Last year, Icahn unsuccessfully nominated a slate of new board members for the specialty pharma, which staved off the attack and instead obtained enough votes to add three new independent board members of its own liking to the board.
But now, despite Forest's claims that business is going well in the face of patent-cliff woes, Icahn is back for another round. Once again, Icahn is proposing that his associate, Dr. Eric Ende, join Forest's board. Otherwise, his SEC filing does not state how many new board members he wants to nominate, other than clarifying that his would be a minority slate.
Forest CEO and Chairman Howard Solomon, in a May 30 release, said he always welcomes "constructive input" from shareholders but added that he was "puzzled and disappointed" that Icahn chose the threat of a proxy contest for the second consecutive year. Despite the loss this year of patent protection for antidepressant Lexapro (escitalopram oxalate) and the anticipated LOE for Alzheimer's disease drug Namenda (memantine HCl) in 2015, Forest has been offsetting expected revenue losses with new product launches.

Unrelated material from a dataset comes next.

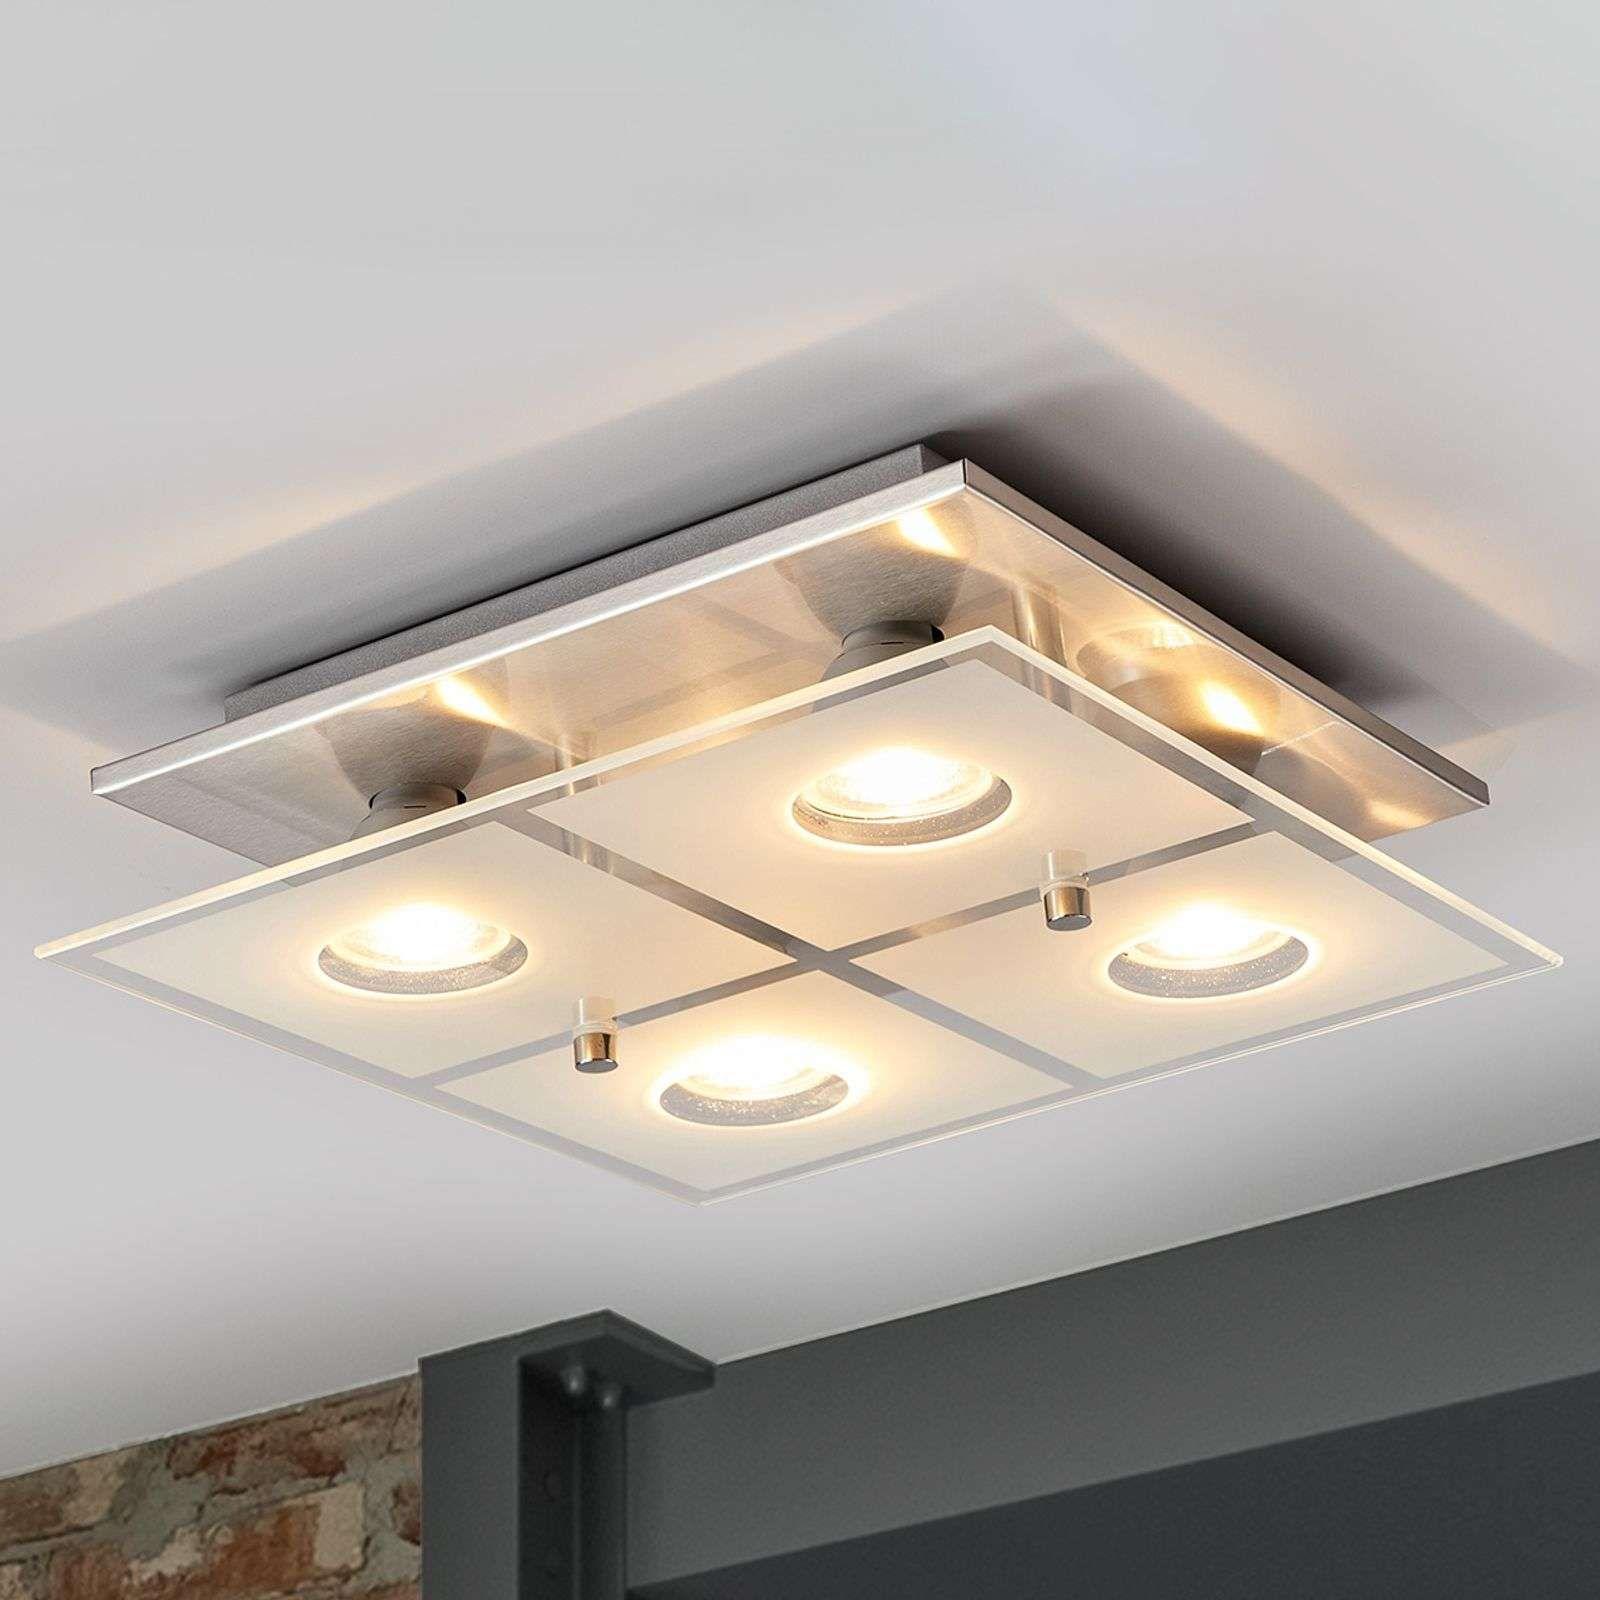 deckenlampen büro günstig  helle deckenleuchte wohnzimmer  led

“Forest Laboratories is strong and performing well," Solomon asserted. "We are executing on the plan outlined last year. We have continued to advance our late stage R&D pipeline through the FDA, successfully launched Daliresp and Viibryd – our two most recent primary care products – and reported solid financial performance for fiscal 2012 as we managed expected patent expirations. We are optimistic about our future prospects and believe we are well positioned to build on our strong track record of success, while continuing to deliver groundbreaking therapies to the patients and communities we serve.”
During its most recent quarterly earnings call April 17, Forest reported net sales had declined 8.7% to $997 million, which might play into Icahn's pitch to shareholders to back his board slate. With the March 14, 2012, patent expiry of Lexapro, sales of the SSRI already were in steep decline, down to $356 million from $595 million in the quarter one year earlier. Meanwhile, chronic obstructive pulmonary disease drug Daliresp (roflumilast) had posted quarterly sales of $13.1 million, the new SSRI Viibryd (vilazodone HCl) brought in $24.9 million, and another recent launch, broad-spectrum antibiotic Teflaro (ceftaroline fosamil) tallied $7.9 million in net sales.
To offset Icahn's potential arguments about earnings potential and management and board governance issues, Solomon also talked up the value of the three new board members elected last year – Christopher Coughlin, a former CFO at Tyco International and Pharmacia, Gerald Lieberman, the former chief operating officer at Alliance Bernstein, and Brenton Saunders, president and CEO of Bausch & Lomb. "These additions have enhanced our board through their operational skills, financial acumen, investor perspective, compliance expertise, and corporate governance experience," he said.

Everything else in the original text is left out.